Liabilities are accrued for self-insured claims when sufficient information is available to reasonably estimate the amount of the loss.
Unconsolidated Subsidiary
The Company owns a 45 percent interest in AMPCO through its ownership in AMCCO. Prior to January 2002, AMCCO was a 50 percent owned joint venture that owned an indirect 90 percent interest in AMPCO, which completed construction of a methanol plant in Equatorial Guinea in the second quarter of 2001. During 1999, AMCCO issued $125 million Series A-1 and $125 million Series A-2 senior secured notes due December 15, 2004 to fund the remaining construction payments. The Company includes the $125 million series A-2 senior notes in its balance sheet. On January 2, 2002, the Company’s partner in AMCCO directed AMCCO to sell 50 percent of its interest in AMPCO as a component of the partner’s sale of its Equatorial Guinea assets. The proceeds of the AMPCO sale were used to repay in full AMCCO’s $125 million Series A-1 Notes on January 28, 2002 and to make a distribution to the Company’s partner. The terms of the $125 million Series A-2 Notes remain unchanged.

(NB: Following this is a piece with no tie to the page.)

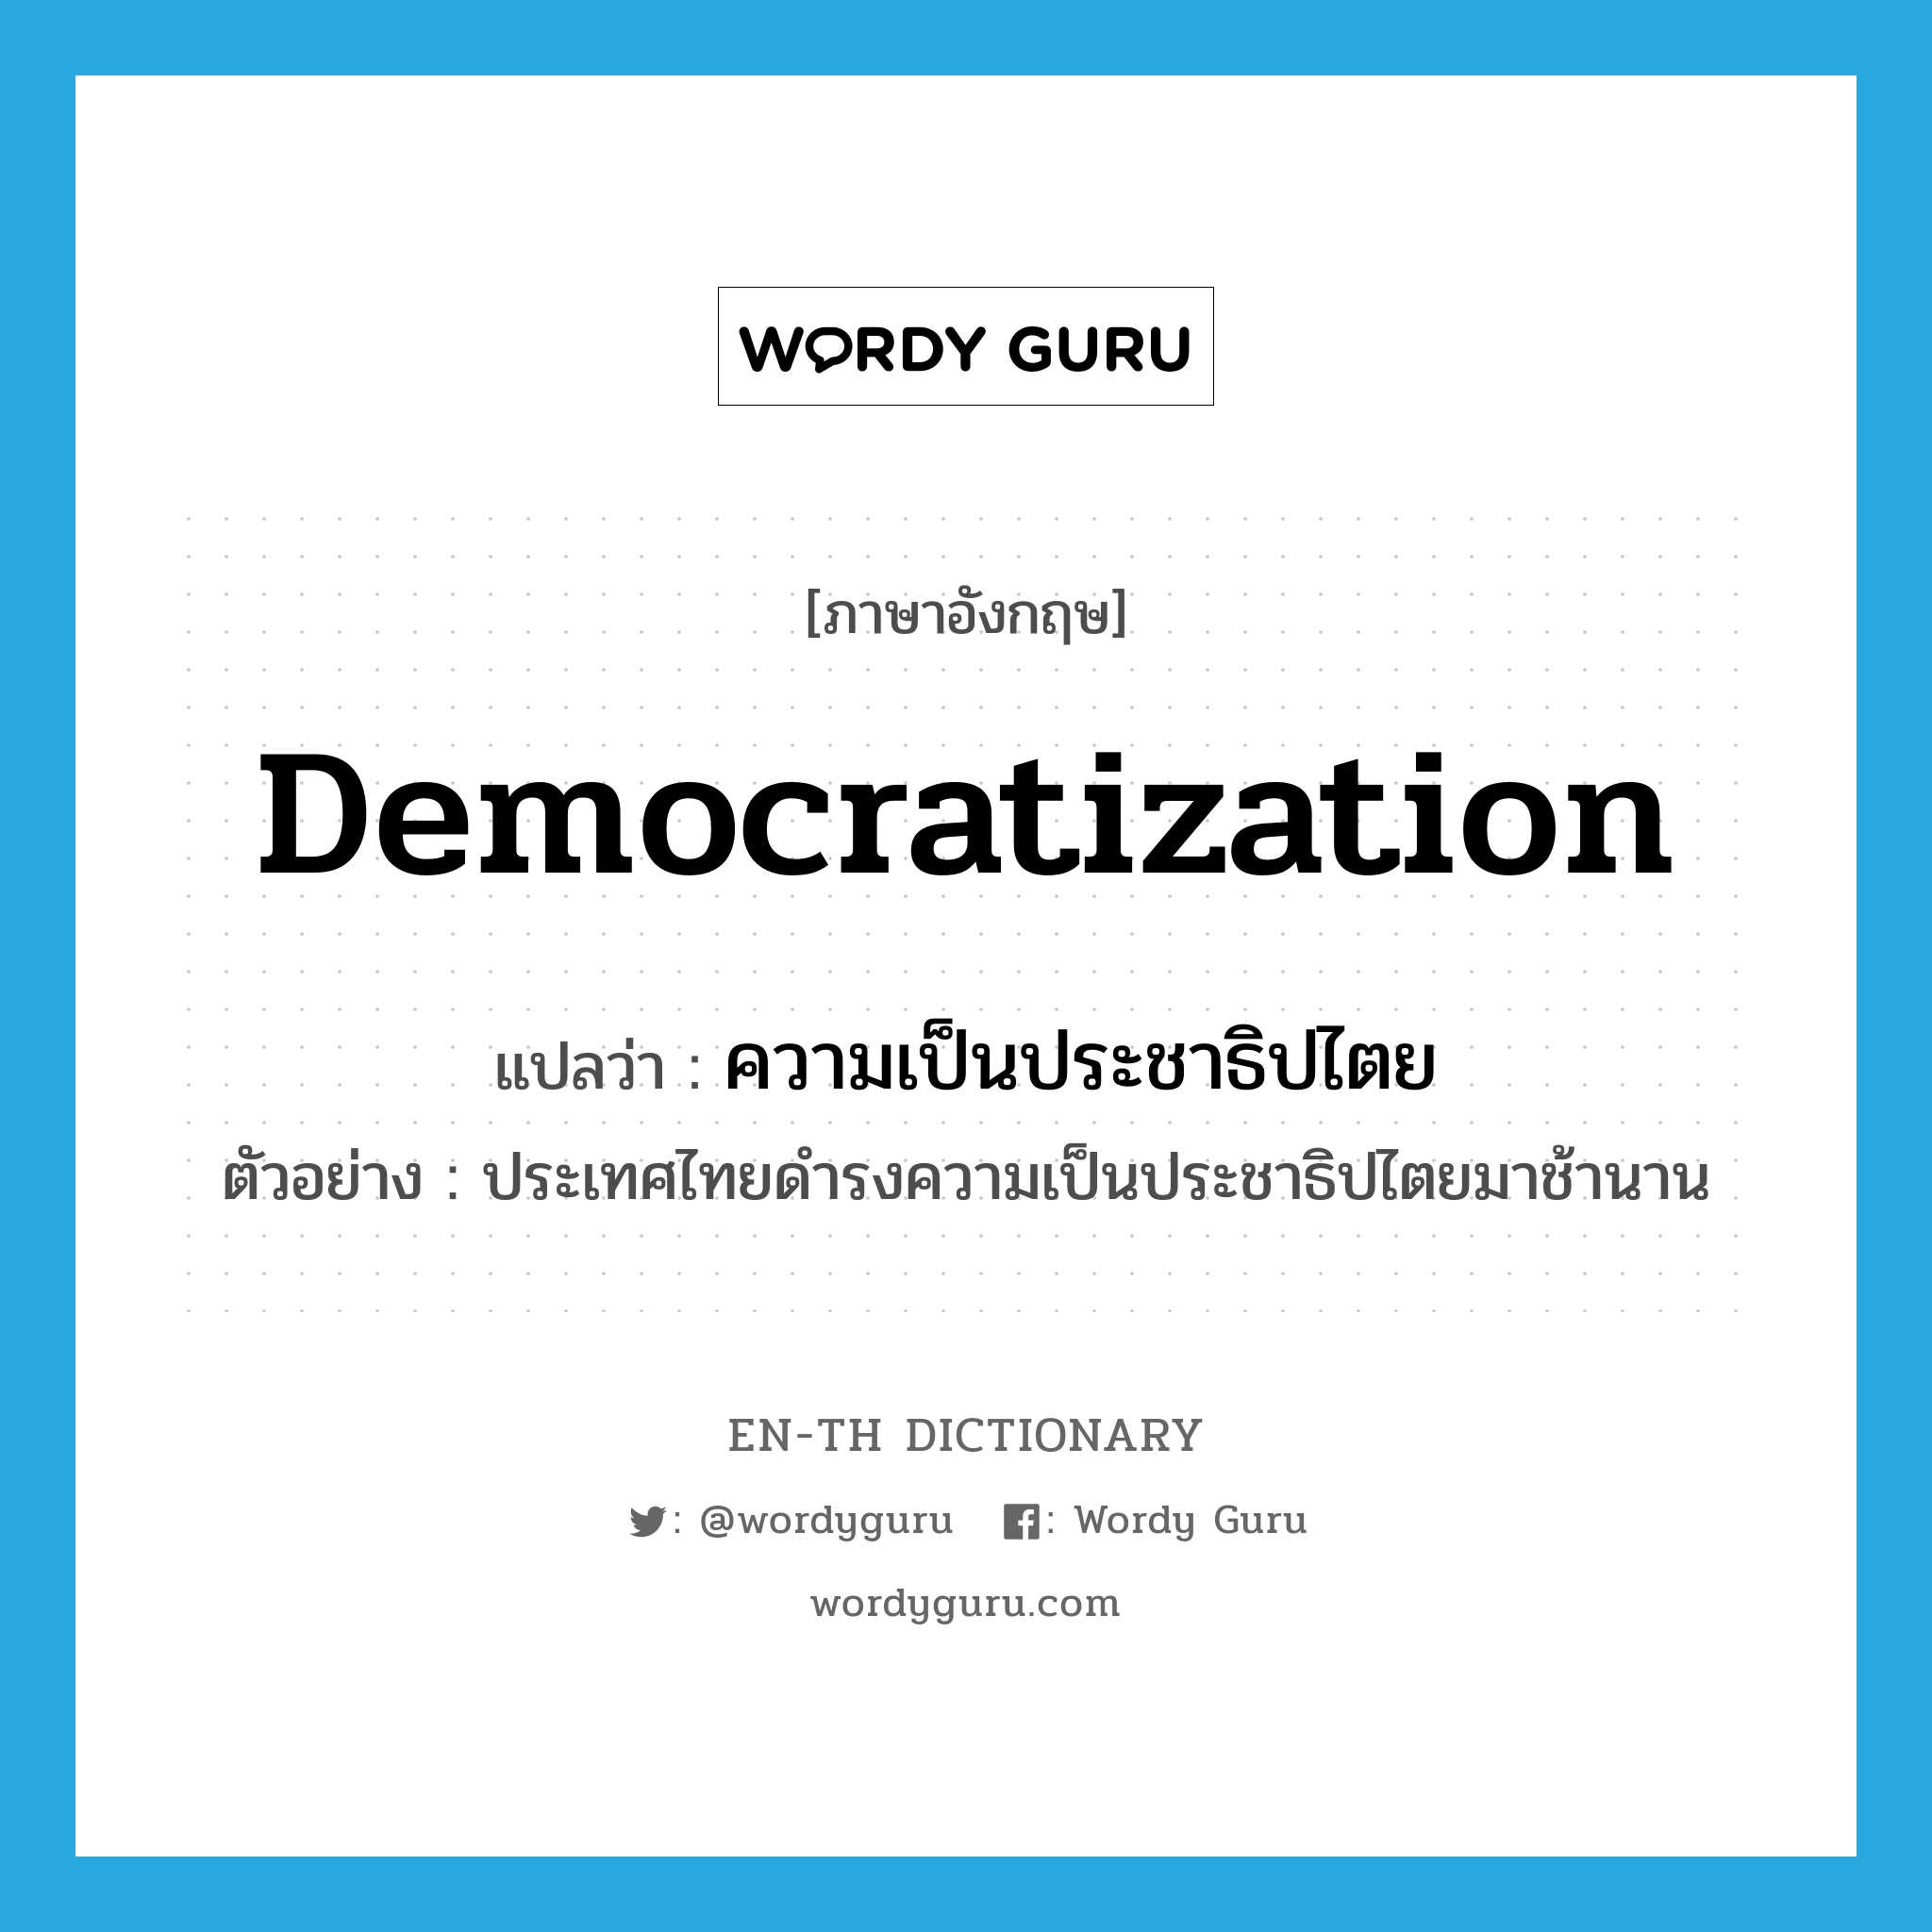 ความเป็นประชาธิปไตย ภาษาอังกฤษ?, คำศัพท์ภาษาอังกฤษ ความเป็นประชาธิปไตย แปลว่า democratization ประเภท N ตัวอย่าง ประเทศไทยดำรงความเป็นประชาธิปไตยมาช้านาน หมวด N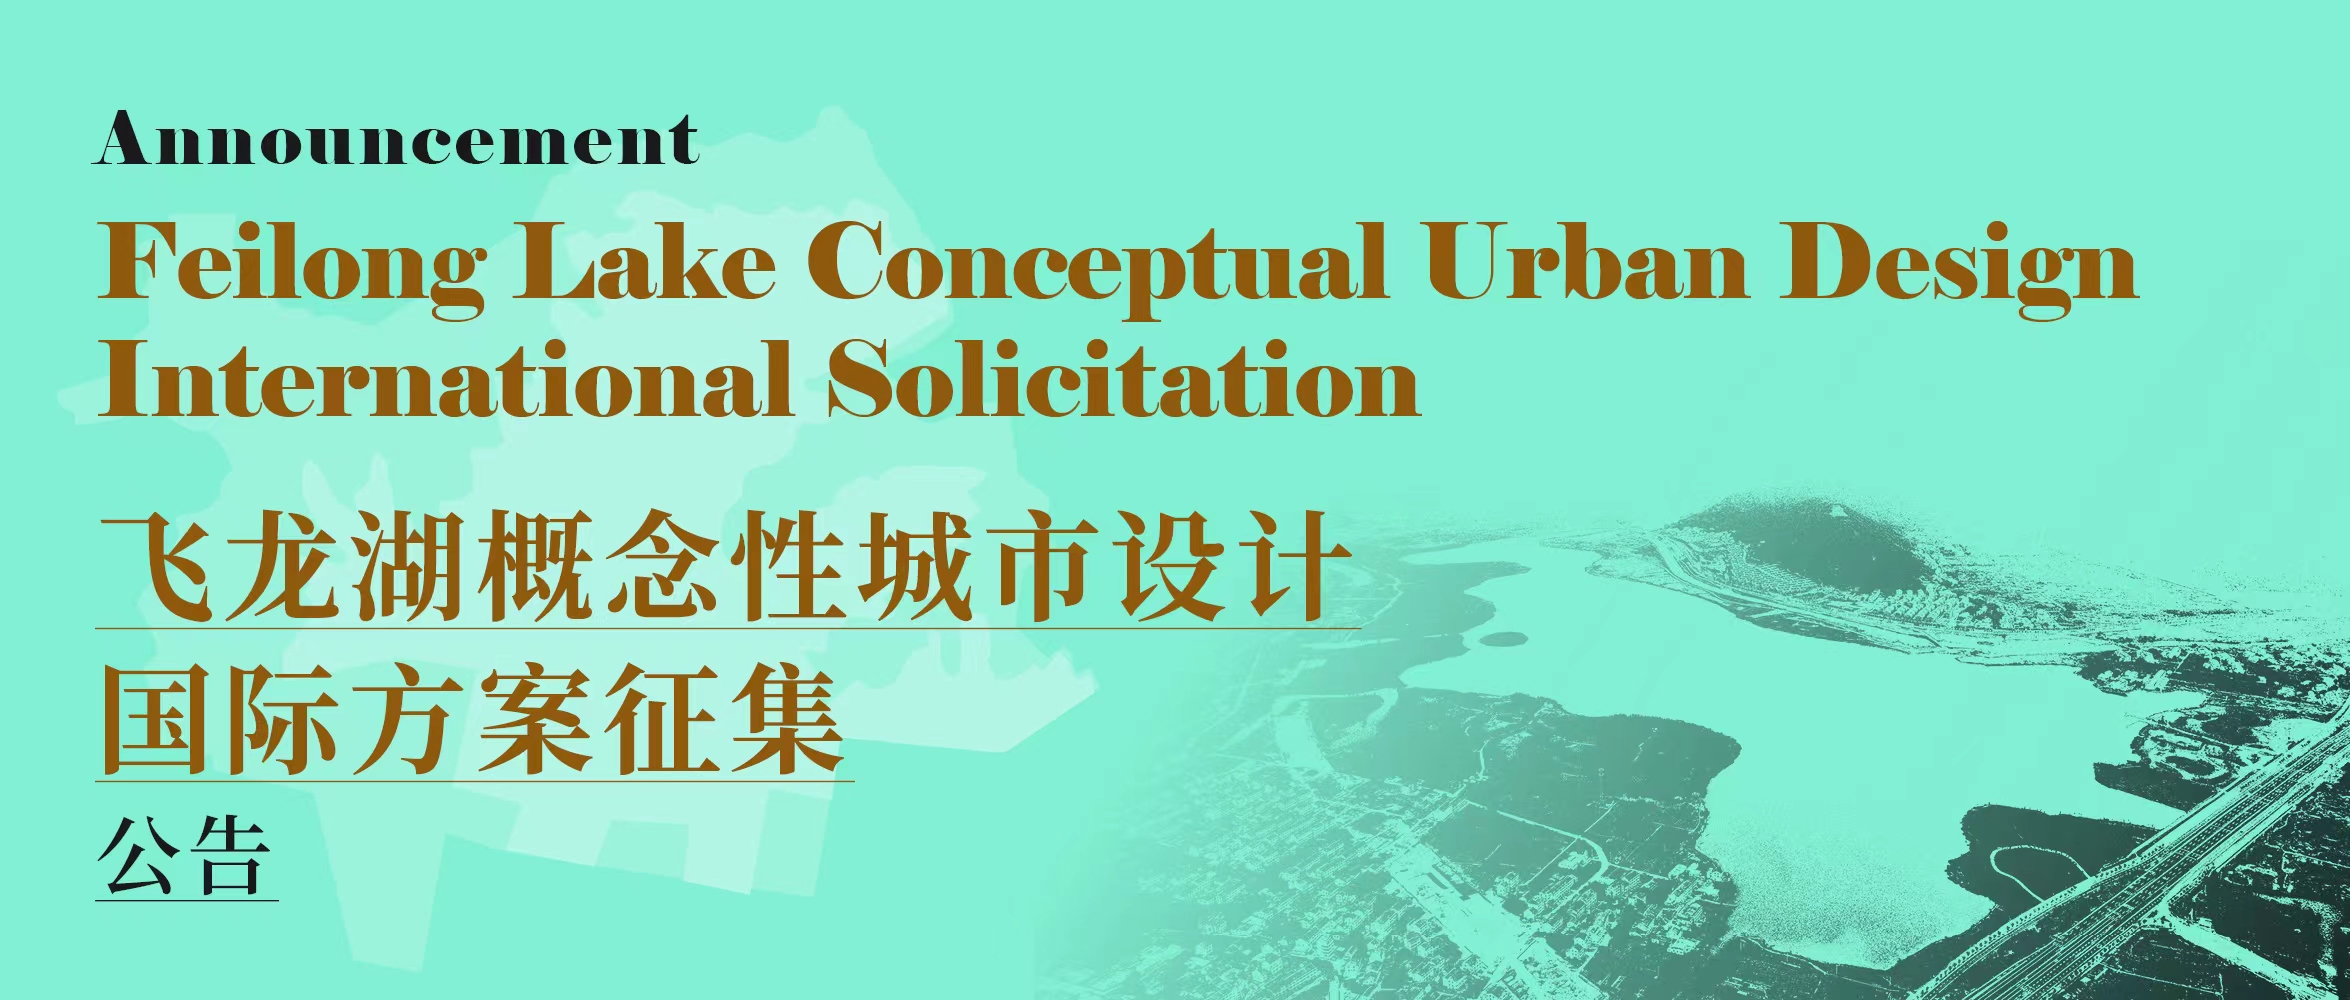 正式公告 | 飞龙湖概念性城市设计国际方案征集

The Company accounts for its investment in unconsolidated subsidiary under the equity method of accounting. AMPCO is an integral component of the Company’s natural gas operations as AMPCO’s function is to convert a portion of the Company’s natural gas reserves to methanol for sale. For more information, see “Note 9 - Unconsolidated Subsidiary” of this Form 8-K.
Reclassification
Certain reclassifications have been made to the 2000 and 2001 consolidated financial statements to conform to the 2002 presentation. These reclassifications are not material to the Company’s financial position.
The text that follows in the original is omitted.